BOGOTA (Reuters) – Latin American countries still have the chance to mitigate the economic weakness many of them are suffering through interest rate cuts, but their fiscal options are limited, an official from the International Monetary Fund (IMF) on Monday.
The multilateral organization has warned of the risk of lower global growth amid trade wars and uncertainty over economic policies in some countries.
It predicts that Latin America and the Caribbean will grow 0.2% this year and 1.8% in 2020.
Regional inflation figures that are close to expectations give policymakers space to react in nearly all Latin American countries where growth is below the interest rate considered neutral in each country, the group’s western hemisphere director Alejandro Werner said at a event in Bogota.

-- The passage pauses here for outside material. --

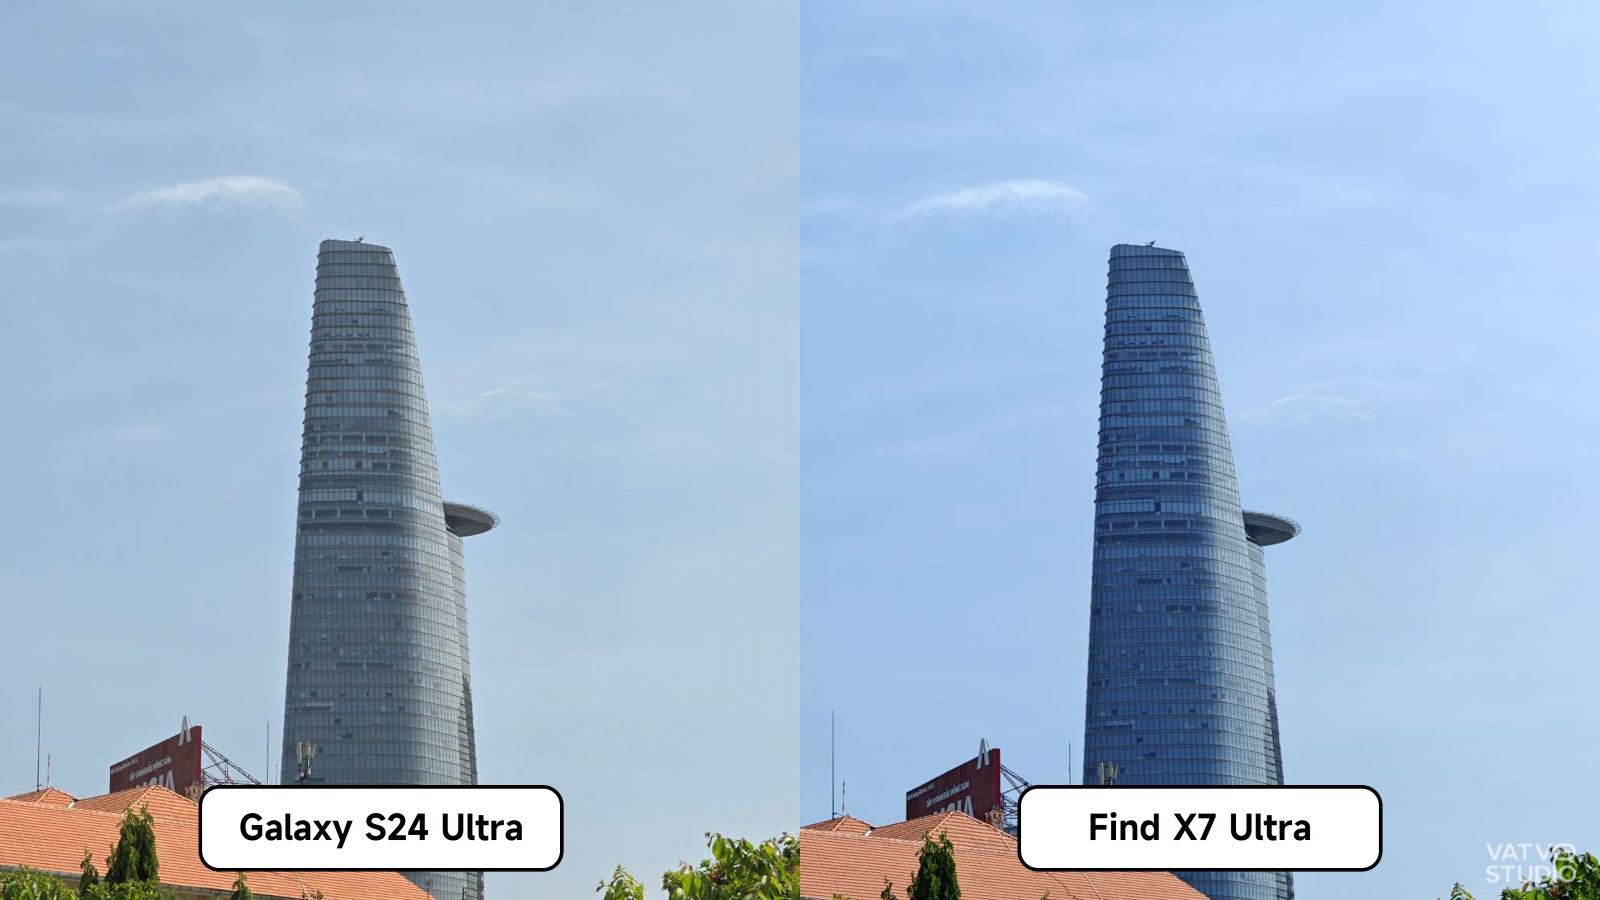 Bình chọn ảnh chụp từ Samsung Galaxy S24 Ultra và OPPO Find X7 Ultra

“Monetary policy can continue to be an important lever to confront negative scenarios with respect to what we are anticipating in the coming years, so there is more space for the monetary policy part,” Werner said.
“In case it’s necessary, basically (central banks) reacting if the economy shows a certain anemia.”
In fiscal terms the region is limited because of high levels of debt, much of it in foreign currency, which increases risk in the case of foreign exchange movements, he added.
“In the short term the fiscal environment has a tension because all the countries in the region are basically at primary deficit or primary surplus levels that still aren’t enough to stabilise the relationship of debt to GDP,” he said.
“Fiscal authorities should find the speed necessary for fiscal consolidation in order not to generate such a strong impact in the short term, but should send signals for consolidation in the medium term, so that access conditions for financial markets continue to be favourable for the private sector and the government itself,” Werner said.